• GOAL OF THE EXERCISE
A verbatim restatement of the data, free of pictures, is what you should output.

• GIVEN MATERIAL
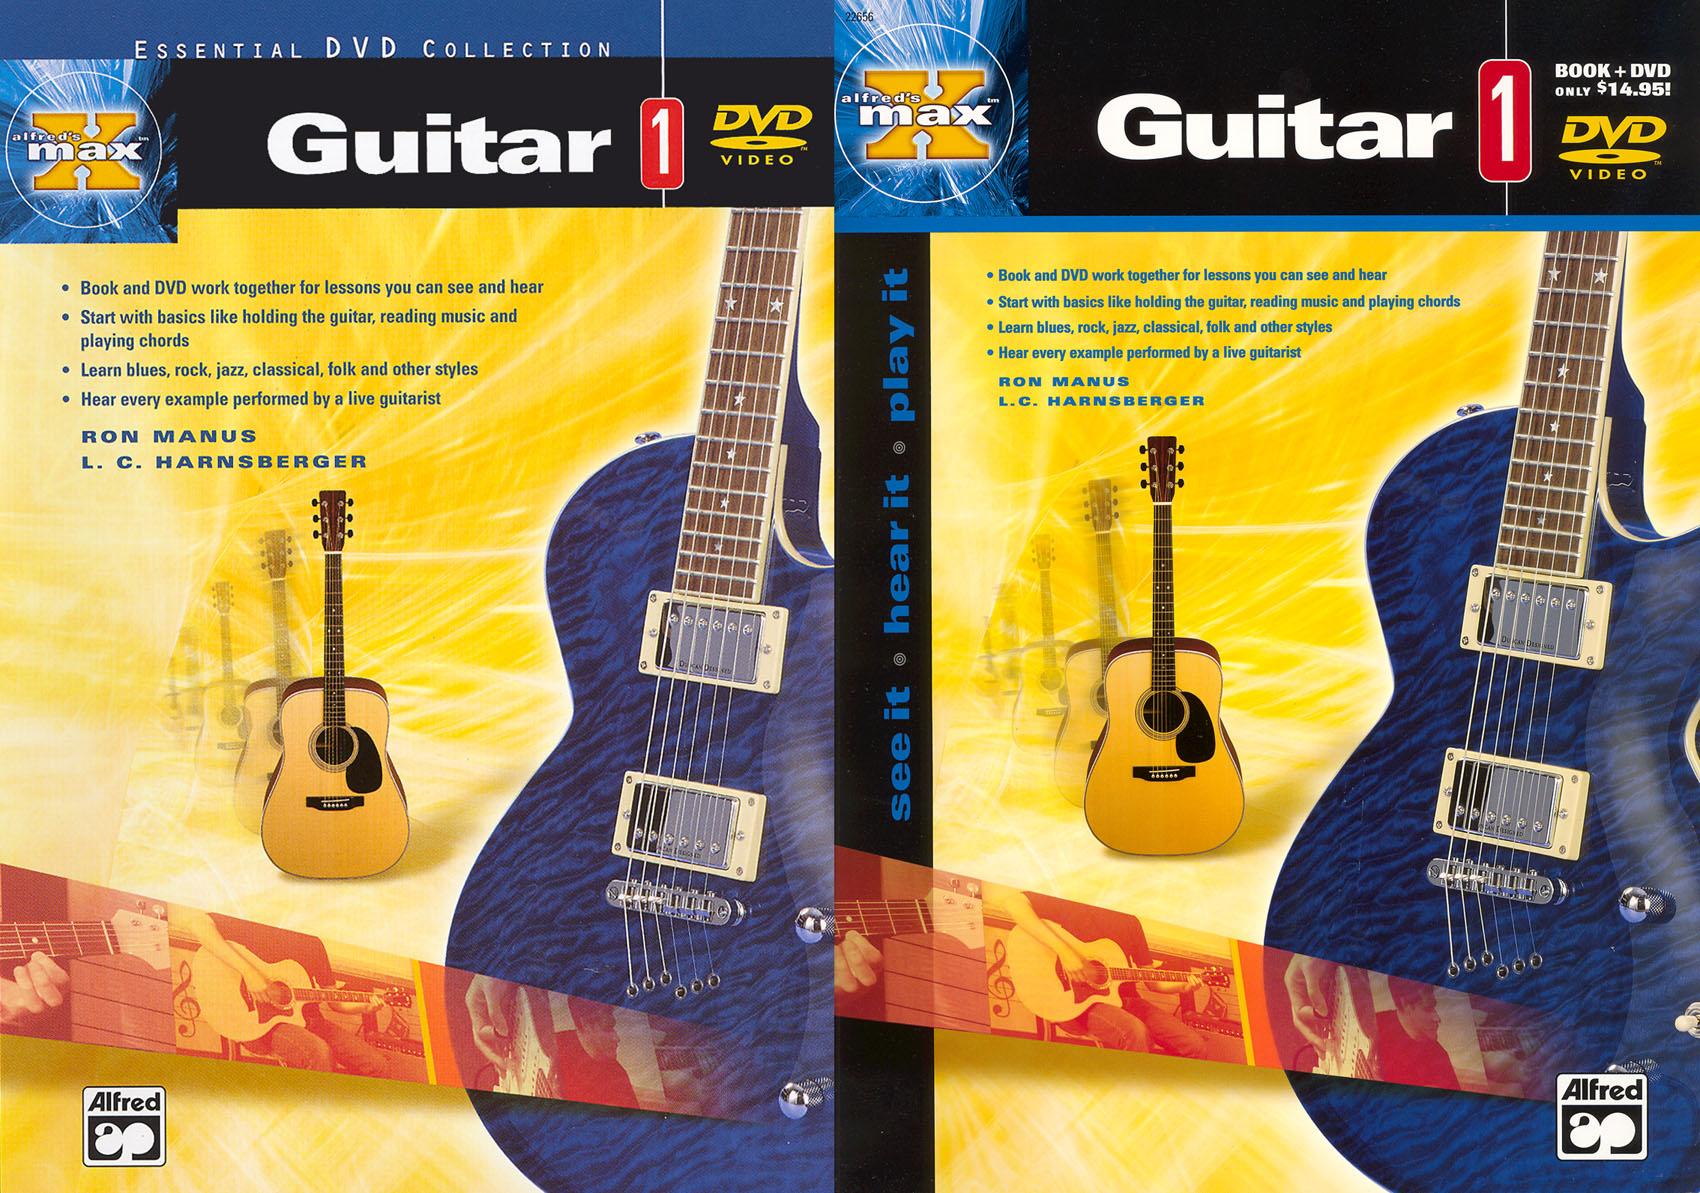 Alfred's Max Guitar, Vol. 1
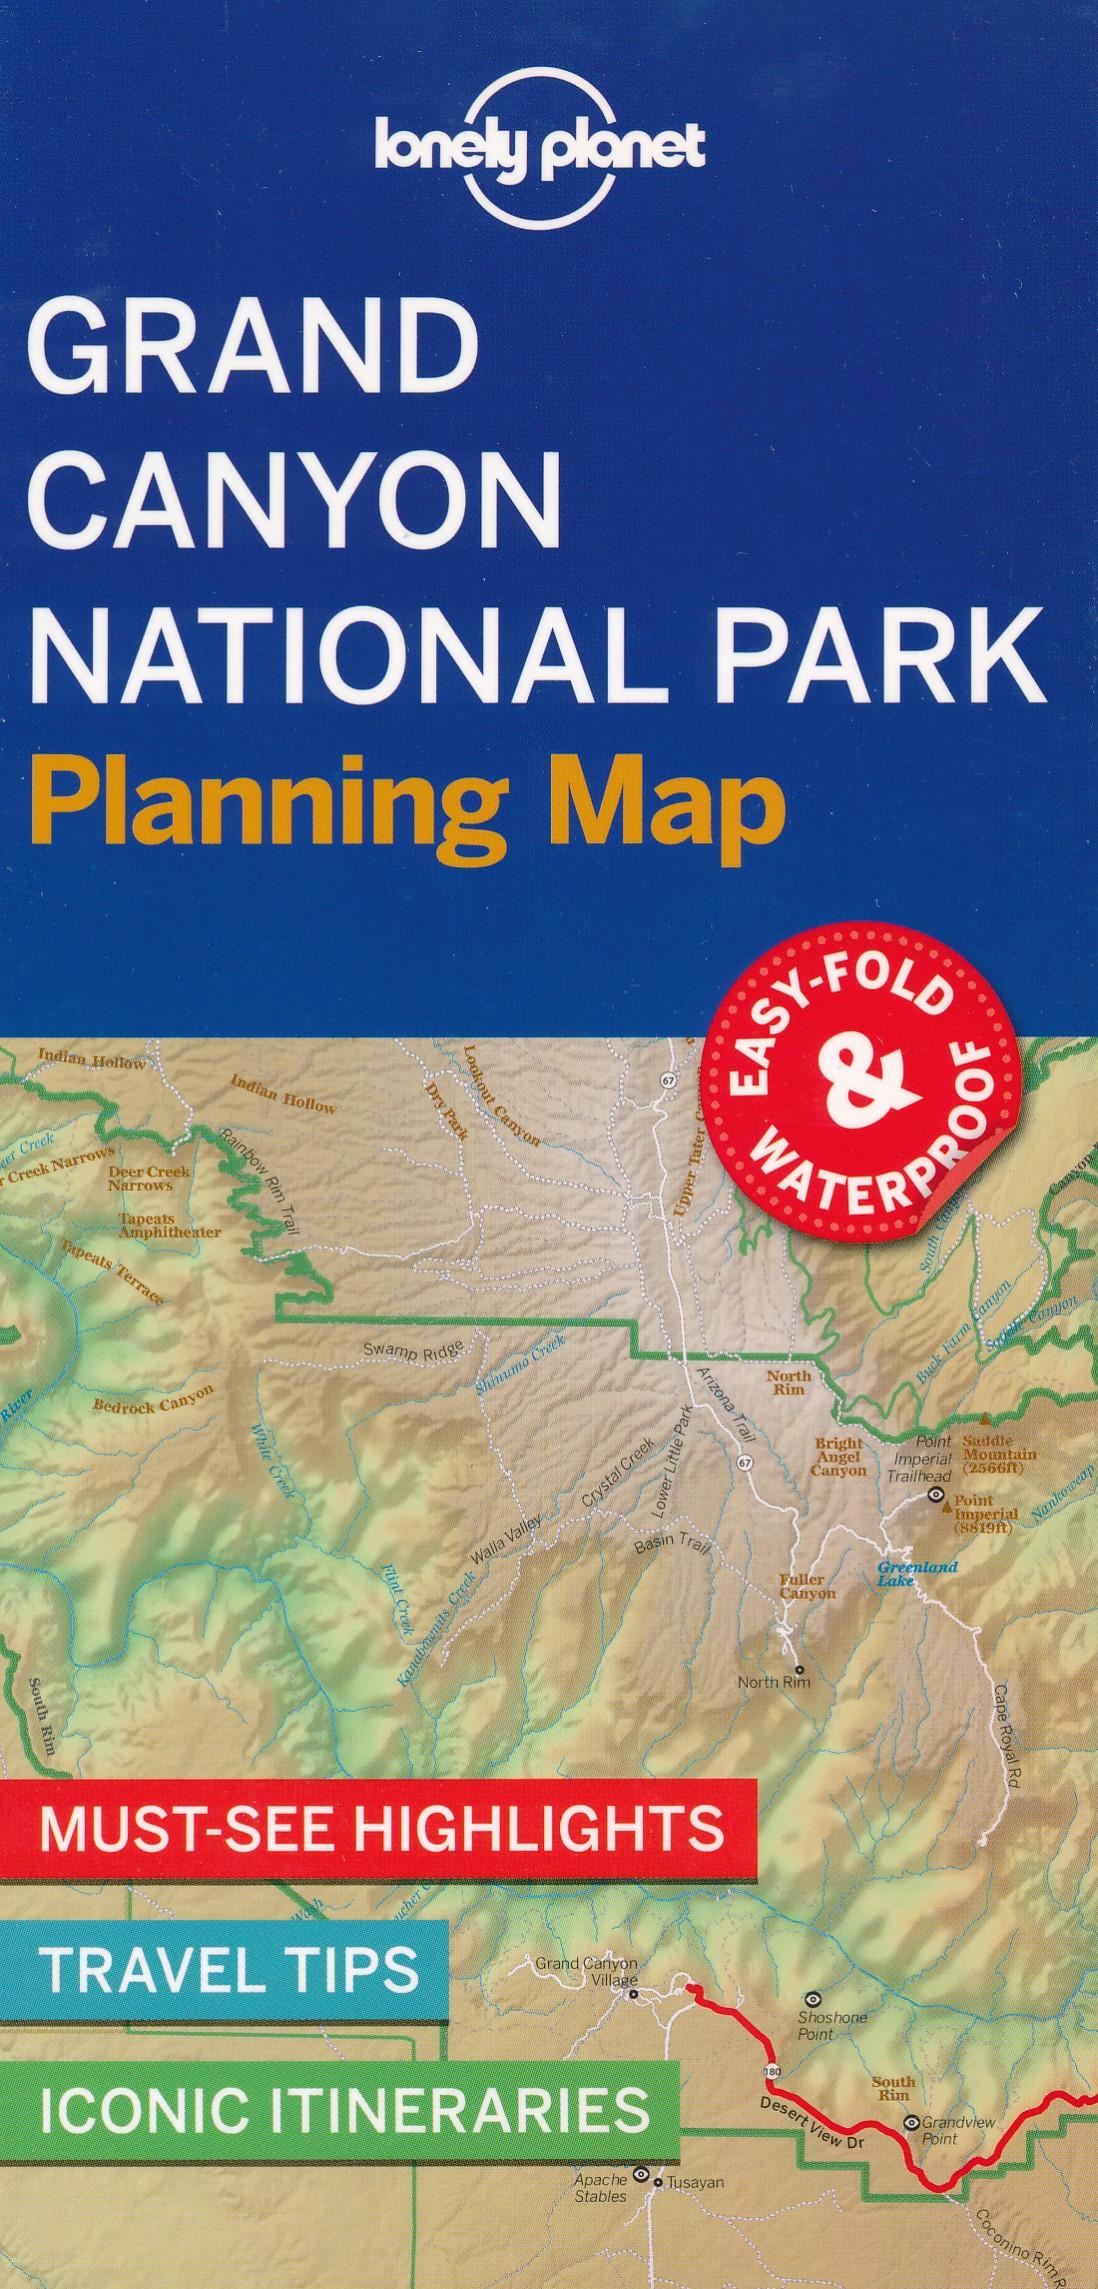 Wegenkaart - landkaart Planning Map Grand Canyon National Park | Lonely Planet
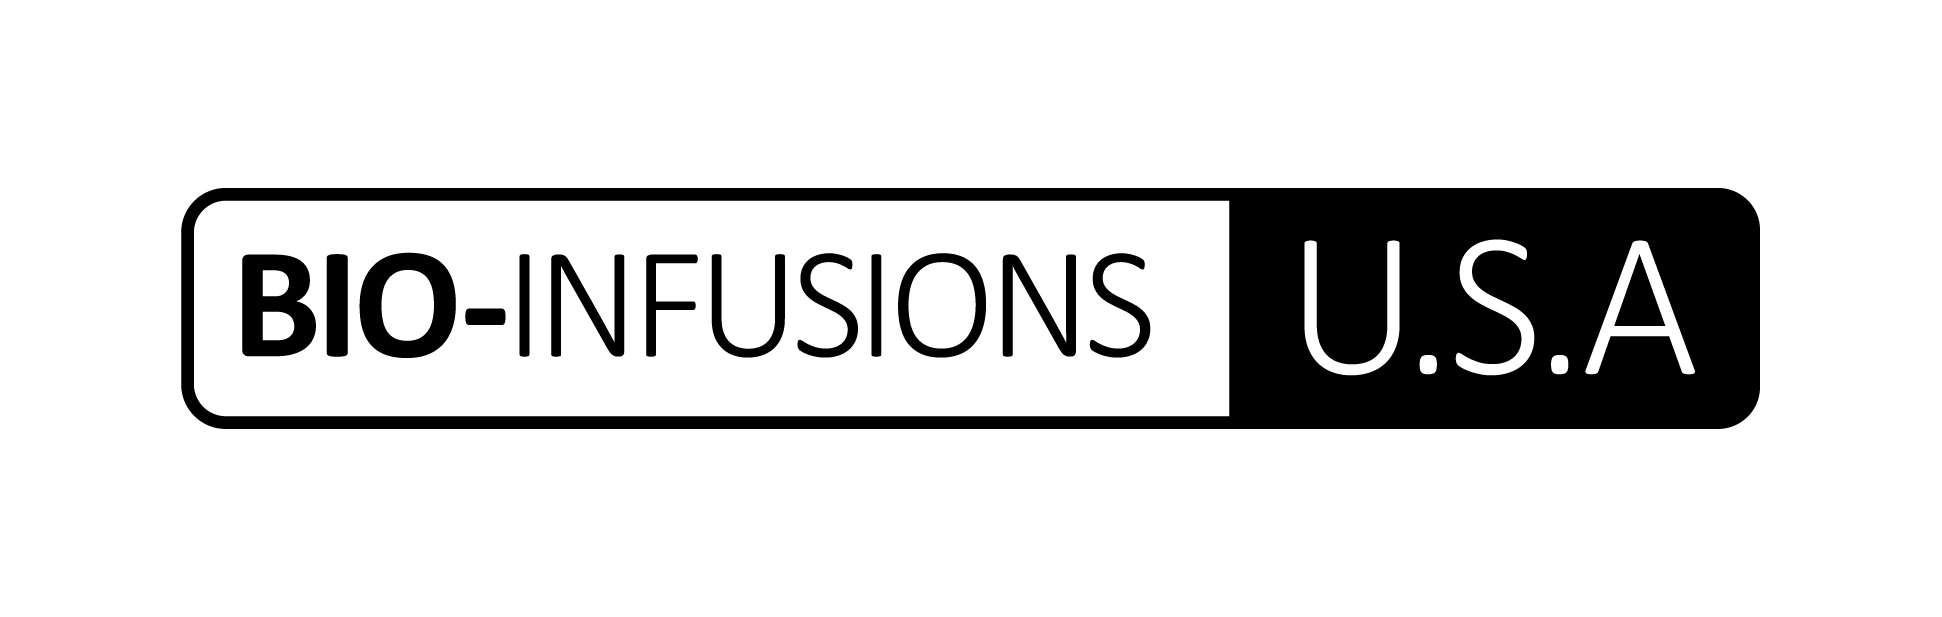 ~     Bio-Infusions USA

• FINISHED EXERCISE
 Alfred's Max Guitar, Vol. 1
 Wegenkaart - landkaart Planning Map Grand Canyon National Park | Lonely Planet
 ~     Bio-Infusions USA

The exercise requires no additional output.